Now imagine Alice is adding blocks to her blockchain, while Bob is attempting to tamper with her blockchain by modifying the iith block. Provided they work at the same rate, Bob will never be able to successfully tamper with her blockchain since he cannot work fast enough to tamper with each block between the iith block and the head of the ever-growing chain. Any third-party auditor using Alice’s head block will always detect Bob’s tampering.

In some sense, the security of a blockchain is independent from cryptography. If space were no issue, then the hash pointer could just duplicate the data, i.e.:

class Block:

    def __init__(self, data, prev):
        self.data = data
        self.prev = prev
        if prev is not None:
            self.hashed_prev_data = prev.data

And we could verify the chain as above, only comparing raw data to raw data. So while a blockchain does provide a tamper-resistant collection of records, this security is from the structure of the linked list, not from cryptography per se. Instead, hash functions allow for efficient storage of fixed-size codes, which can be used later to verify that a block’s contents are unchanged without duplicating its data in the next block.

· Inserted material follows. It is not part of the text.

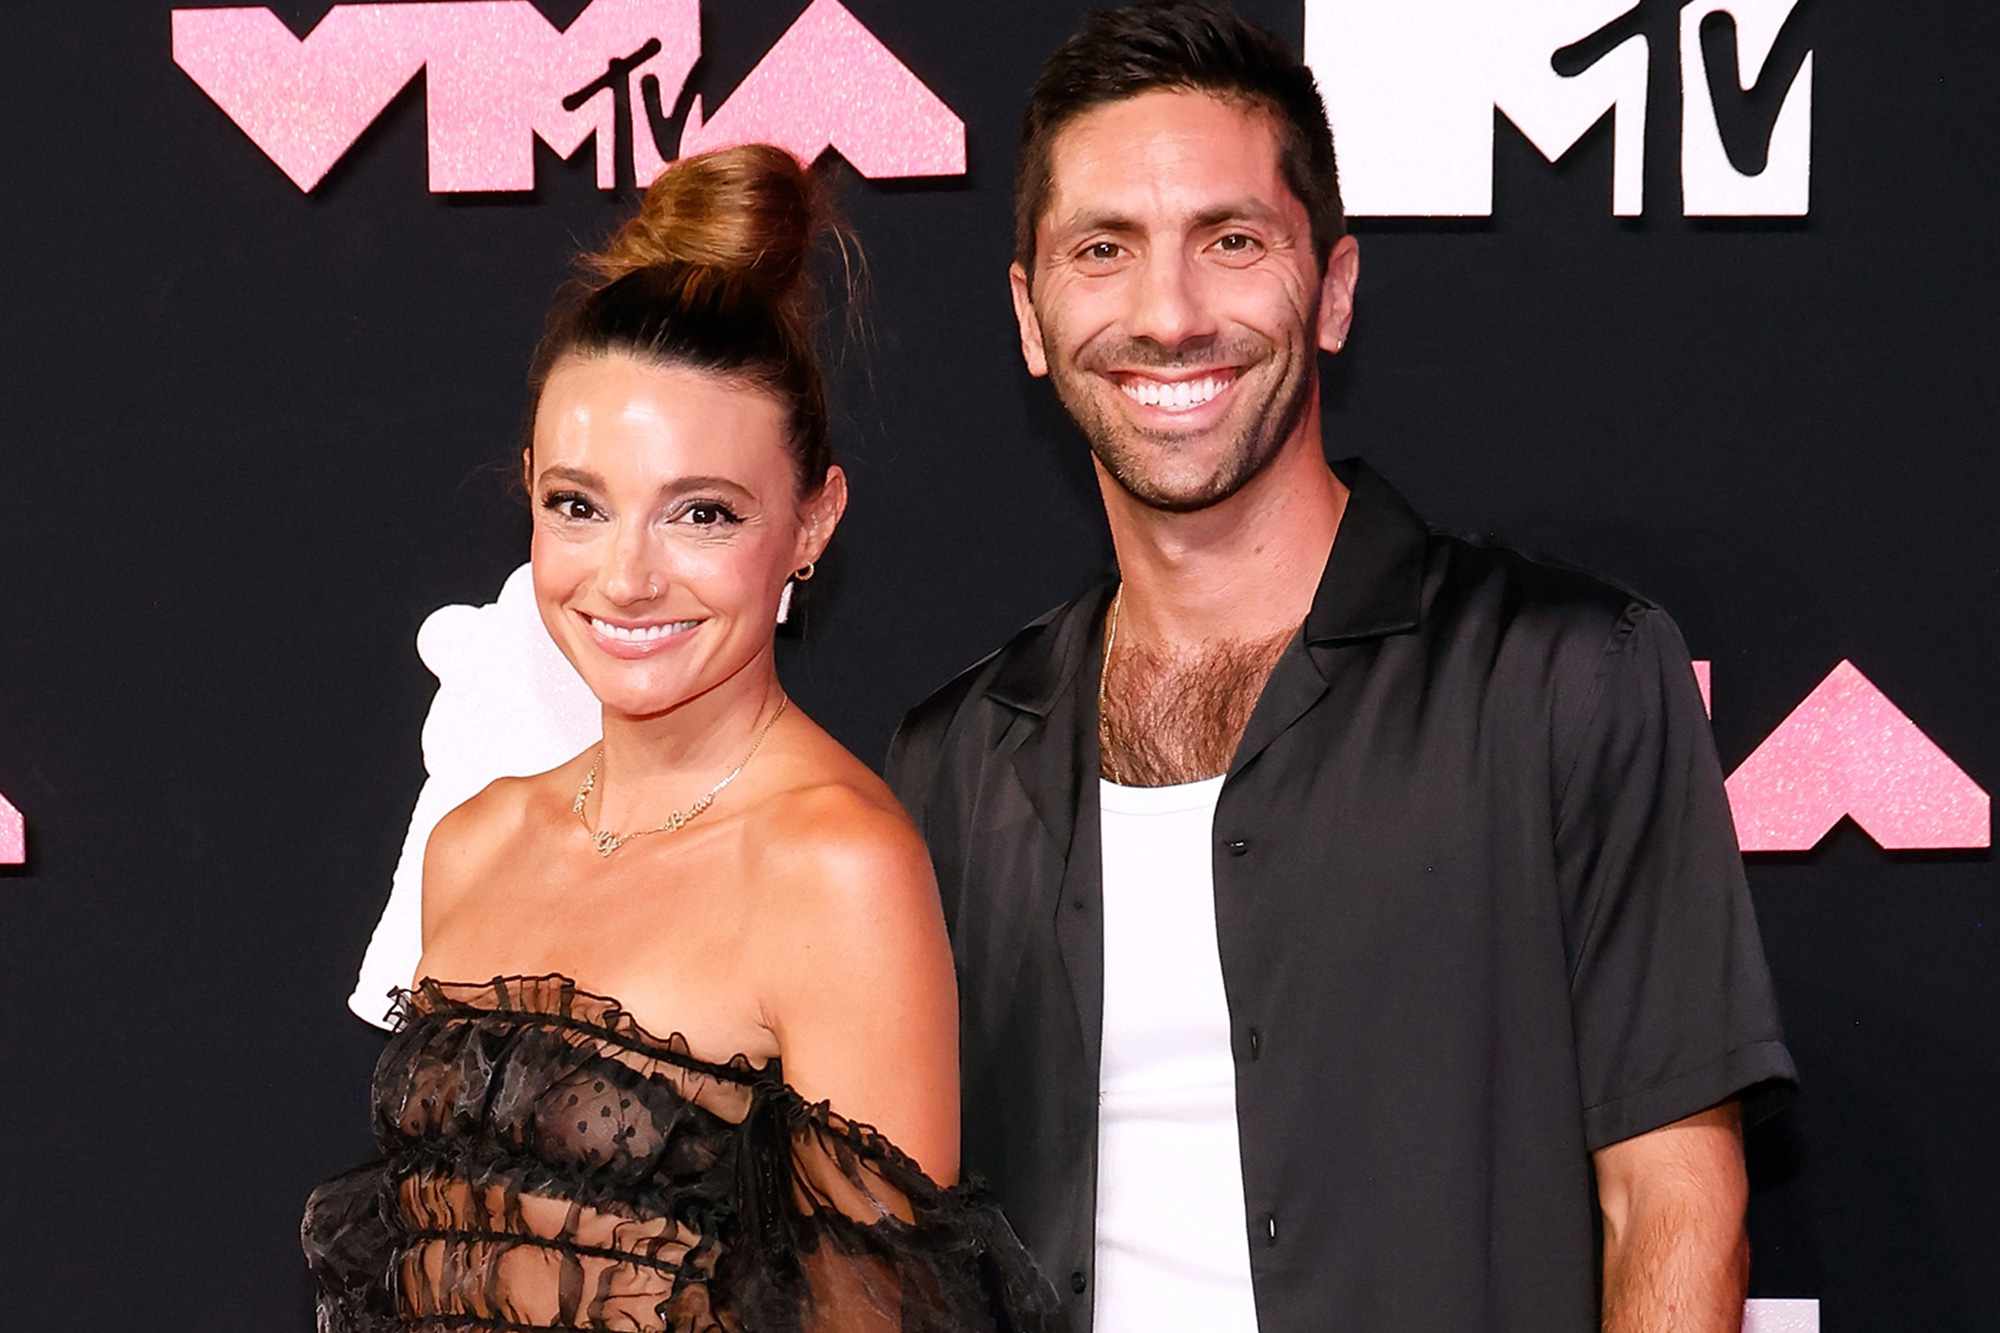 Who Is Nev Schulman's Wife? All About Laura Perlongo

Blockchains are often used in cryptocurrencies because they can function as public ledgers. Each block stores a batch of financial transactions, and blocks are added to the blockchain through a consensus algorithm. This combination of a blockchain and a consensus algorithm for adding blocks to the chain allows for decentralized digital currencies. Cryptocurrency holders cannot double spend their digital money since transactions are recorded in a tamper-resistant public ledger.

  1. Narayanan, A., Bonneau, J., Felten, E., Miller, A., & Goldfeder, S. (2016). Bitcoin and cryptocurrency technologies: a comprehensive introduction. Princeton University Press.